Let’s start short term. As we painted new highs today tomorrow’s net-lines sell level will advance to 1327.25. As long as we hover above that the longs should be okay. If we drop below that mark then we may see some follow through – which would be that little retail schmucks shake out I have been proposing.

Again, I have adopted the net-lines concept from Chris Carolan – friend of the blog and one of my favorite financial analysts.

Since some folks asked me about Mr. VIX – so I thought I should clarify whether or not we in fact painted an equities sell signal the other day. And the answer is (drum rolls…) – no, there was not. Yes, we did get our spike outside the 2.0 BB (actually we got two) – followed by a close inside – followed by oooops a close lower. Sorry folks – we needed a close above the first inside close to get a bonafide VIX sell signal. So the longs yet again cleverly avoided one of my favorite reversal signals.

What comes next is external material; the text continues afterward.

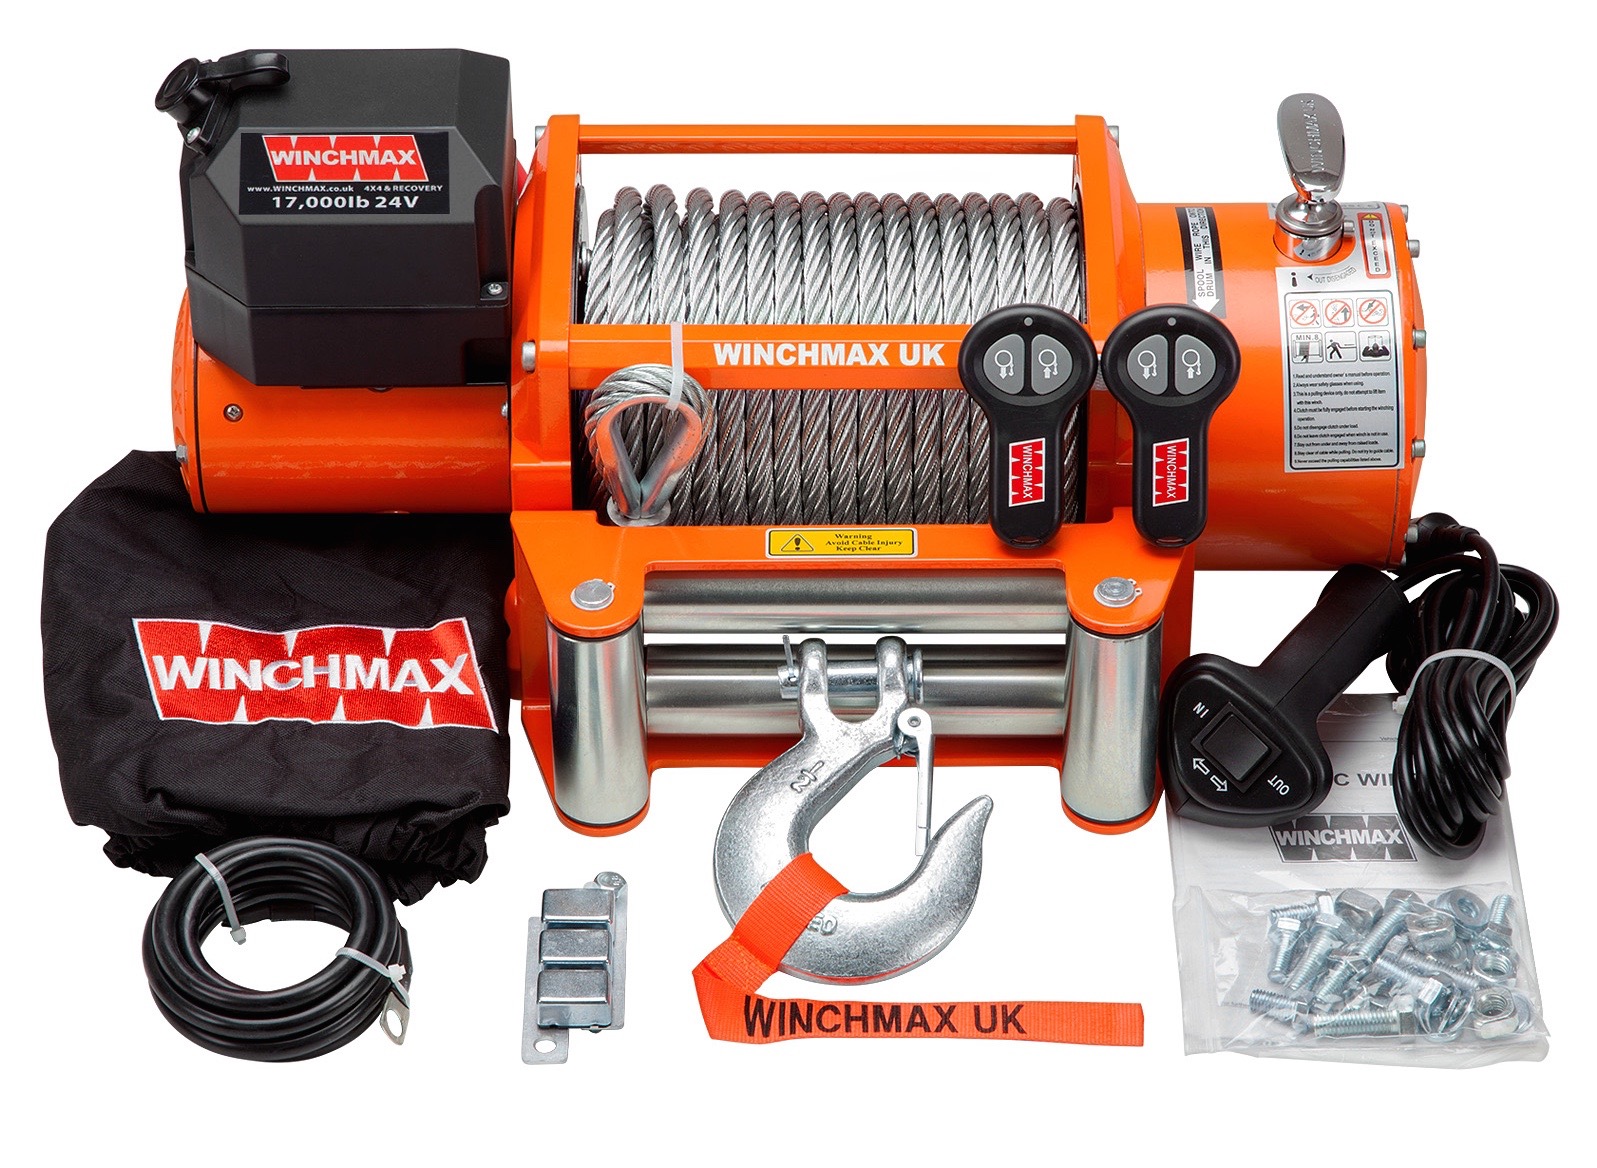 WINCHMAX 17000LB 24V ELECTRIC STEEL CABLE WINCH WITH WIRELESS REMOTES

However, all is not well in Equities Paradise – medium term I am seeing conflicting signals, which make me very nervous. Long term the writing pretty much is on the wall.
[amprotect=nonmember] Charts and commentary below for anyone donning a secret decoder ring. If you are interested in becoming a Gold member then don’t waste time and sign up here. And if you are a Zero subscriber it includes access to all Gold posts, so you actually get double the bang for your buck.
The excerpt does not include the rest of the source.